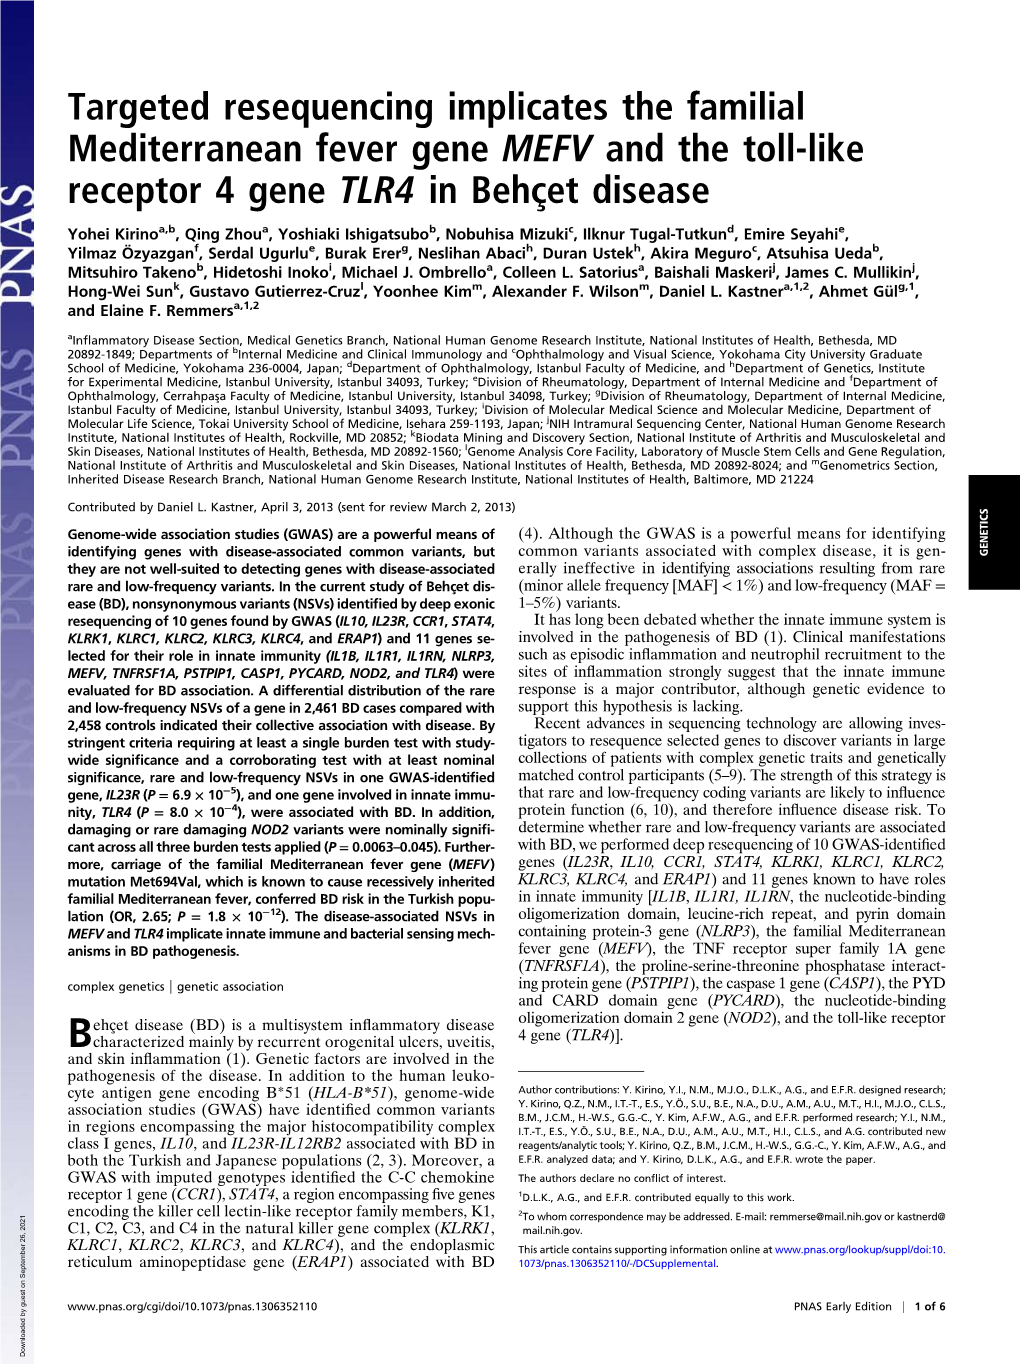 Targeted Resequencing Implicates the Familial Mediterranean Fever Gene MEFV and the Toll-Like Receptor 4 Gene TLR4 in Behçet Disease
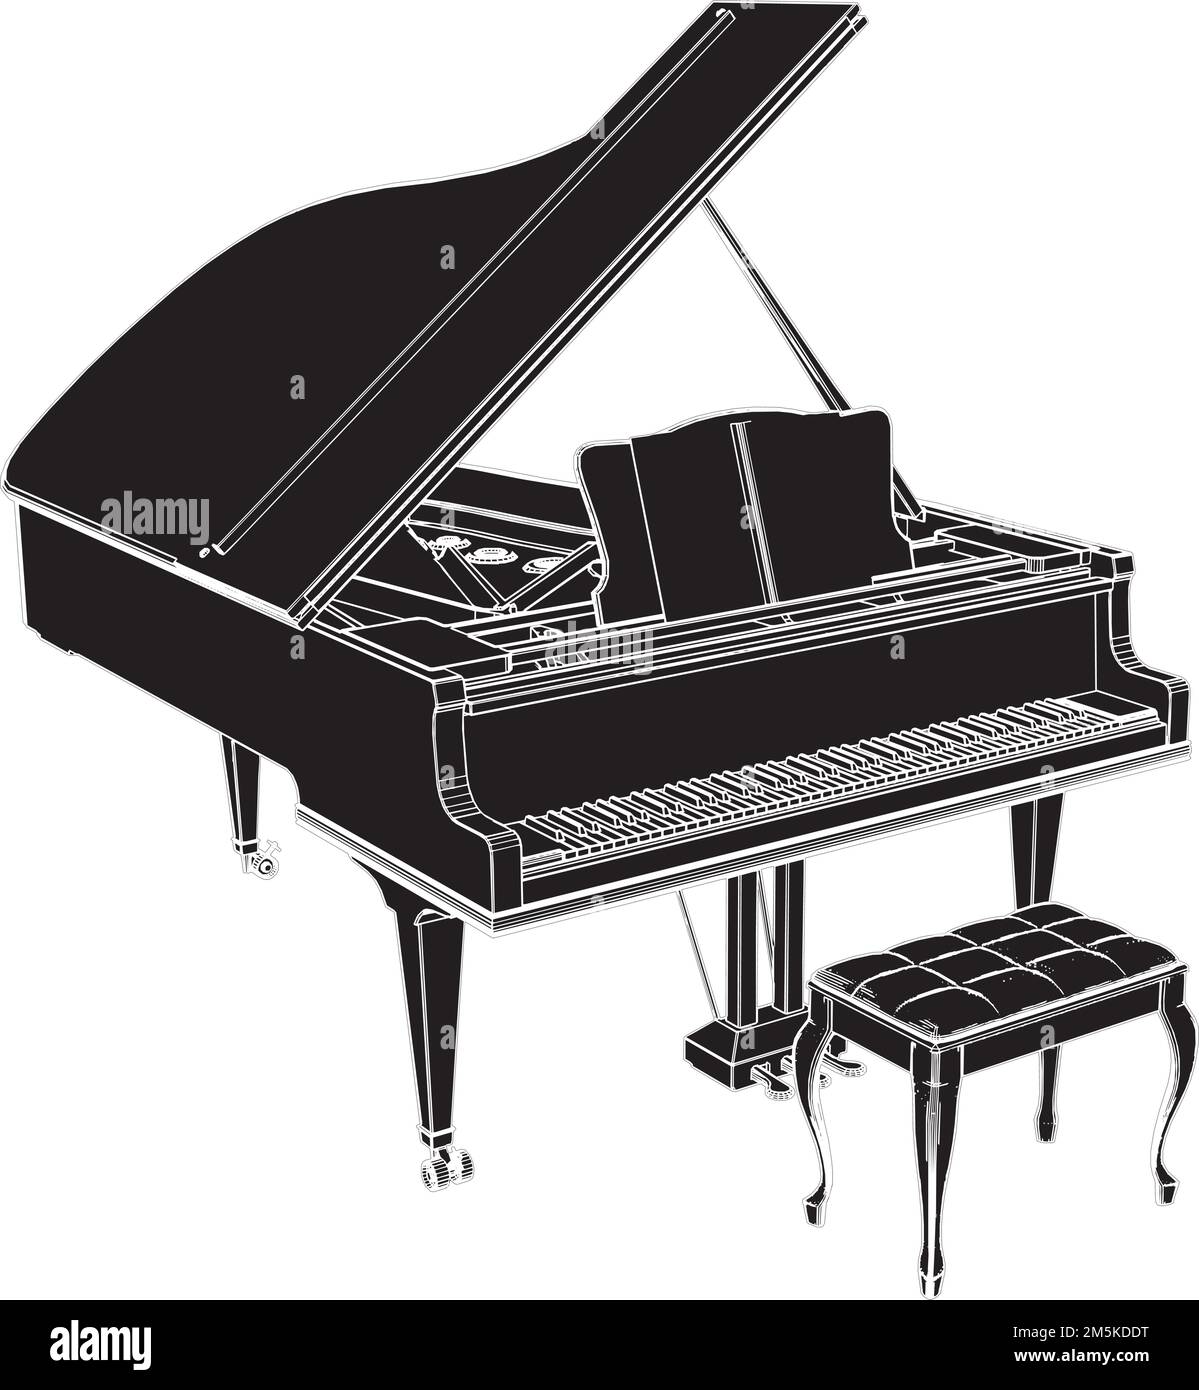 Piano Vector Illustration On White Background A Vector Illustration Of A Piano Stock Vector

...

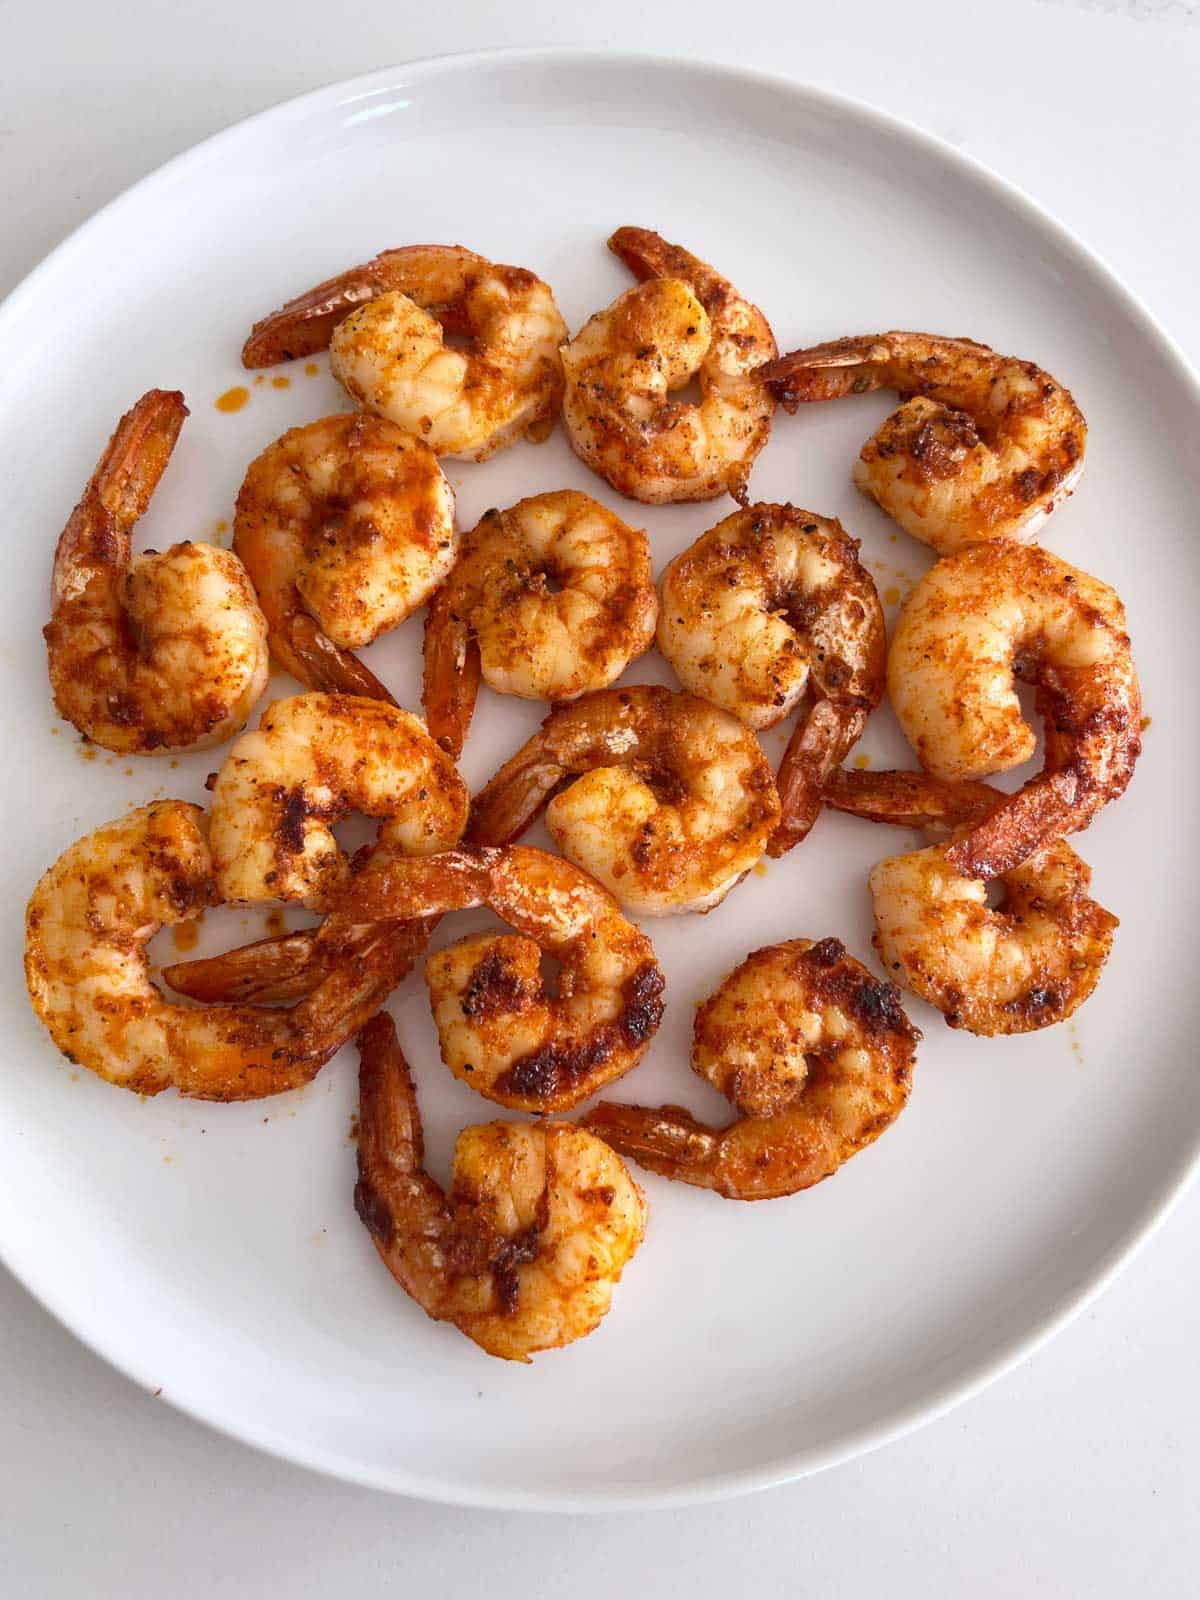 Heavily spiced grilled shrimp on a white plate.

— WHAT THE EXERCISE ASKS —
Would you copy out, exactly and with no pictures, only the lines above from the one that contains "Targeted Resequencing Implicates" through the one that contains "Piano Vector Illustration"?

— TASK OUTPUT —
 Targeted Resequencing Implicates the Familial Mediterranean Fever Gene MEFV and the Toll-Like Receptor 4 Gene TLR4 in Behçet Disease
 Piano Vector Illustration On White Background A Vector Illustration Of A Piano Stock Vector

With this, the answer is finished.